Since I'm too lazy to figure out exactly how many bits I need to look
at, let's just think at an abstract level.  Suppose I added the top few
bits of P together, and the high-order two bits are 00.  I *know*
the result is non-negative, regardless of what could have been the carry
from the lower bits (which I didn't add).  Therefore, I know I can select
d=1 as my next digit.  Suppose the high-order bits were 01.  Now, I don't
know whether the result is positive or negative (if there is supposed to
be carry to flip the sign bit).  However, I do know that -D < P < D,
so I can select d=0 as my next digit.  Similarly, if the high-order bits
were 10, I know the result is negative, so I can select d=-1.  


P: 000.1110
+: 000.0000
D: 001.1000
result: 0.

	Iteration 1:
	Shift both words of P:
		P: 001.1100
		+: 000.0000
	Add high order bits for P:
		   001
	Regardless of possible carry, I know P is positive.
	Therefore, can select d=1.  Result 0.1
	Subtract dD from P (same as adding -D):
		 P: 001.1100
		 +: 000.0000
		-D: 110.1000
		 ----------
		 S: 111.0100	(becomes new P)
		 C: 000.1000	(shifted, becomes new +)

P: 111.0100
+: 001.0000
D: 001.1000
result: 0.1

	Iteration 2:
	Shift both words of P:
		P: 110.1000
		+: 010.0000
	Add high order bits for P:
		   000
	Regardless of possible carry, I know P is positive.
	Therefore, can select d=1.  Result 0.11
	Subtract dD from P (same as adding -D):
		 P: 110.1000
		 +: 010.0000
		-D: 110.1000
		 ----------
		 S: 010.0000	(becomes new P)
		 C: 110.1000	(shifted, becomes new +)

P: 010.0000
+: 101.0000
D: 001.1000
result: 0.11

	Iteration 3:
	Shift both words of P:
		P: 100.0000
		+: 010.0000
	Add high order bits for P:
		   110
	Regardless of possible carry, I know P is negative.
	Therefore, can select d = -1.  Result 0.101
	Subtract dD from P (same as adding D):
		 P: 100.0000
		 +: 010.0000
		 0: 001.1000
		 ----------
		 S: 111.1000	(becomes new P)
		 C: 000.0000	(shifted, becomes new +)

P: 111.1000
+: 000.0000
D: 001.1000
result: 0.101

	Iteration 4:
	Shift both words of P:
		P: 111.0000
		+: 000.0000
	Add high order bits for P:
		   111
	Depending on carry, P could be positive or negative.
	However, regardless of possible carry, -D < P < D.
	Therefore, can select d=0.  Result 0.1010
	Subtract dD from P (same as adding 0):
		 P: 111.0000
		 +: 000.0000
		 0: 000.0000
		 ----------
		 S: 111.0000	(becomes new P)
		 C: 000.0000	(shifted, becomes new +)

P: 111.0000
+: 000.0000
D: 001.1000
result: 0.1010

	Iteration 5:
	Shift both words of P:
		P: 110.0000
		+: 000.0000
	Add high order bits for P:
		   110
	Regardless of possible carry, I know P is negative.
	Therefore, can select d = -1.  Result 0.10011
	Subtract dD from P (same as adding D):
		 P: 110.0000
		 +: 000.0000
		 D: 001.1000
		 ----------
		 S: 111.1000	(becomes new P)
		 C: 000.0000	(shifted, becomes new +)

P: 111.1000
+: 000.0000
D: 001.1000
result: 0.10011

Note that we've reached the same state as before Iteration 4.  Therefore,
from now on, we're going to select d=0 alternating with d=-1.
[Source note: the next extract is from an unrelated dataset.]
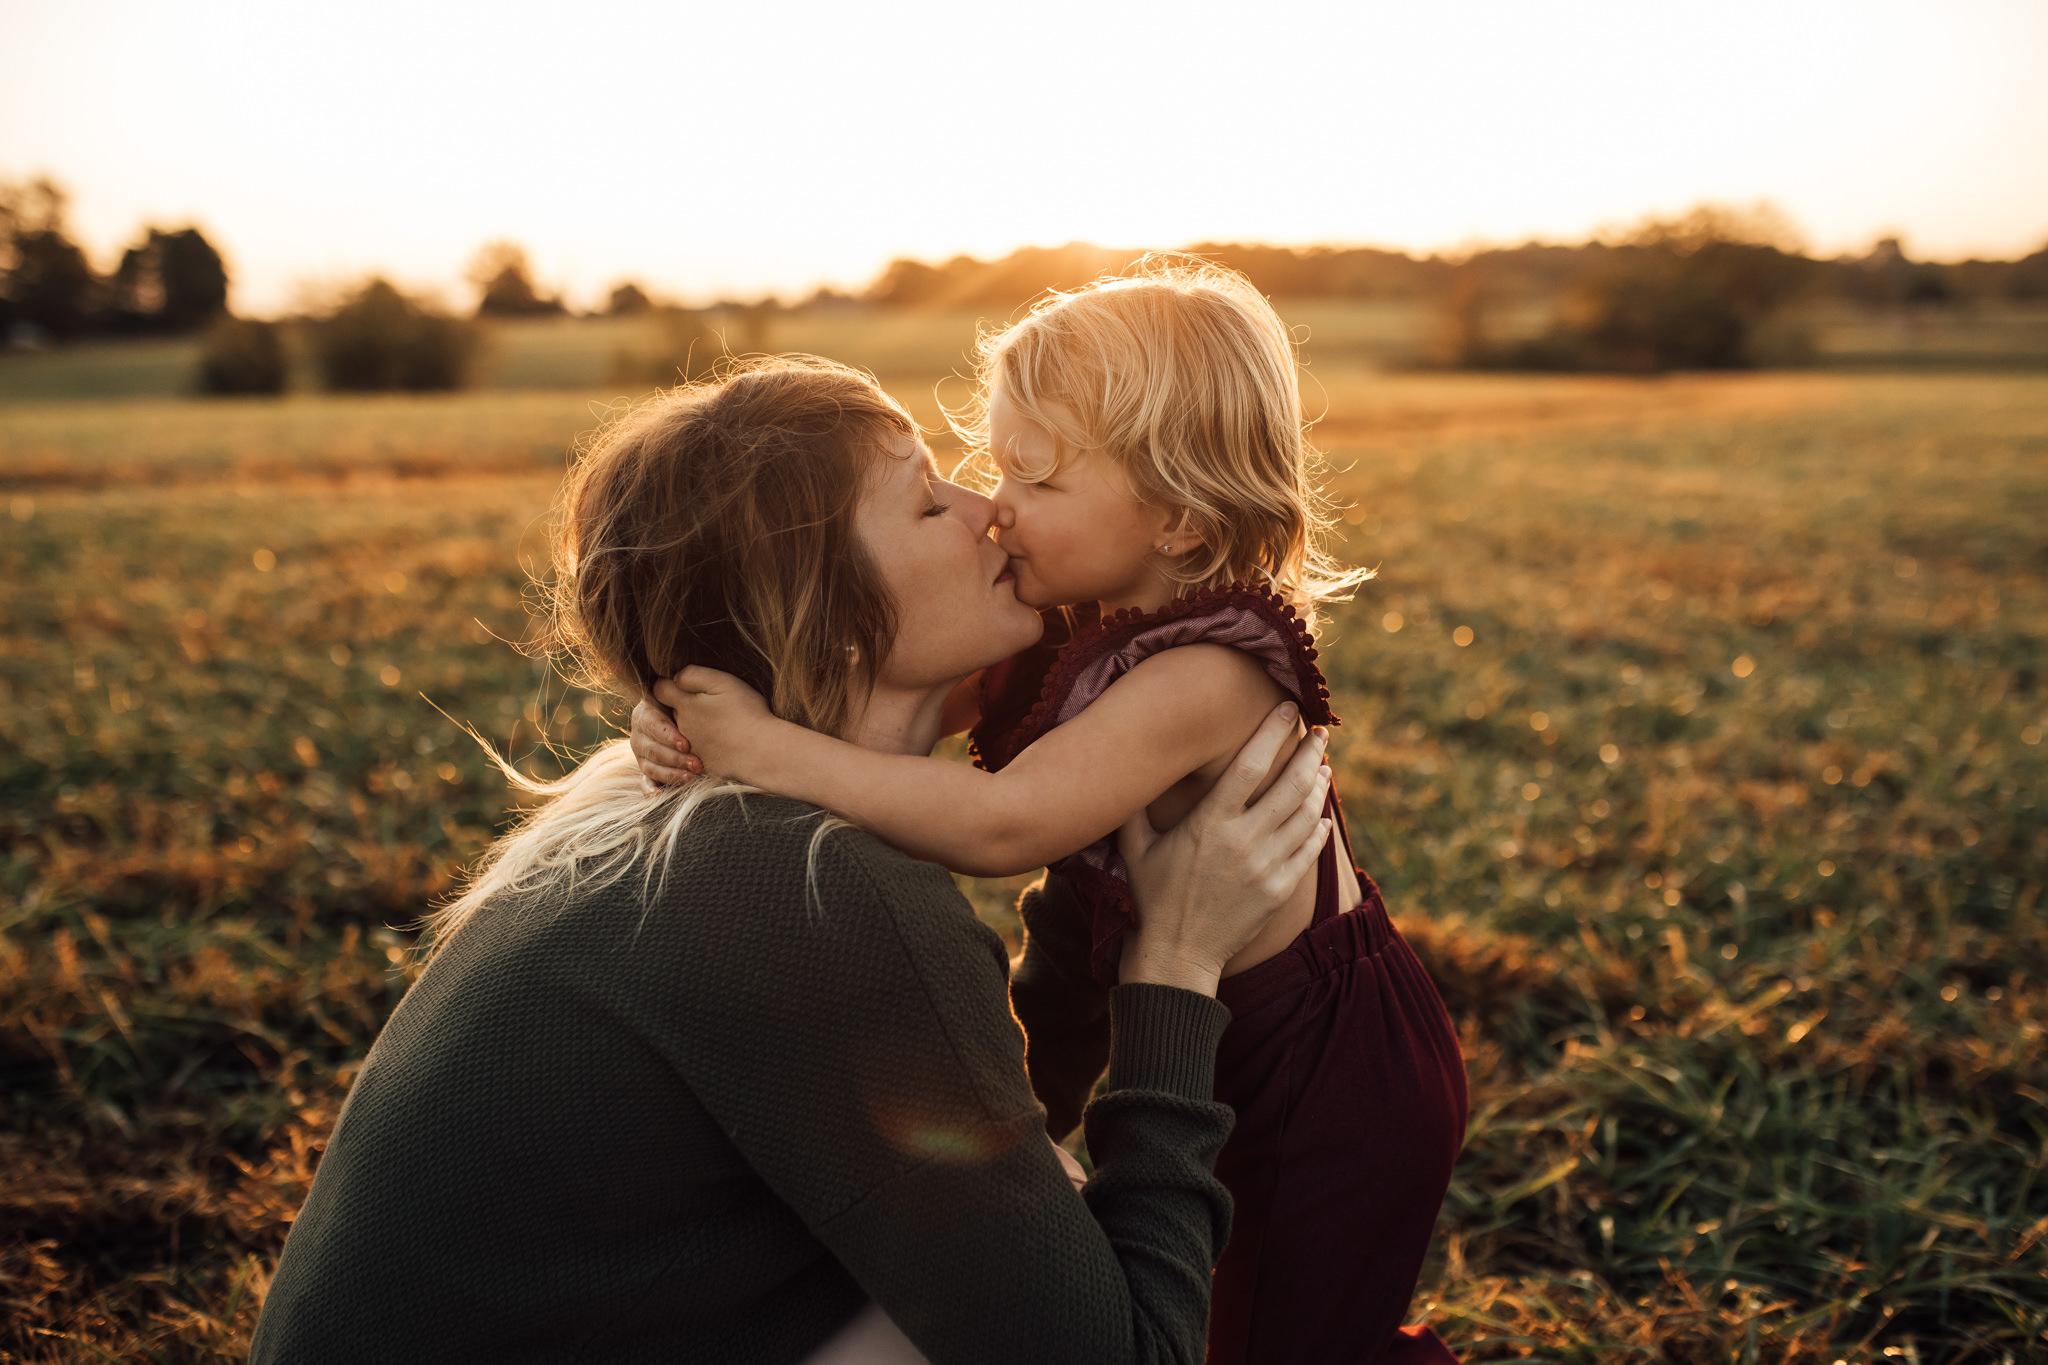 cassie-cook-photography-memphis-family-photographer-lifestyle-family-photographer-sunrise-gray-family-26.jpg

Iteration 6: d = 0  result: 0.100110
Iteration 7: d = -1 result: 0.1001011
Iteration 8: d = 0  result: 0.10010110
Iteration 9: d = -1 result: 0.100101011
...
result = 0.100101010...

Recall that we normalize the result by 3 decimal places, which gives
100.101010..., which is 4 plus 2/3, which is exactly the right result.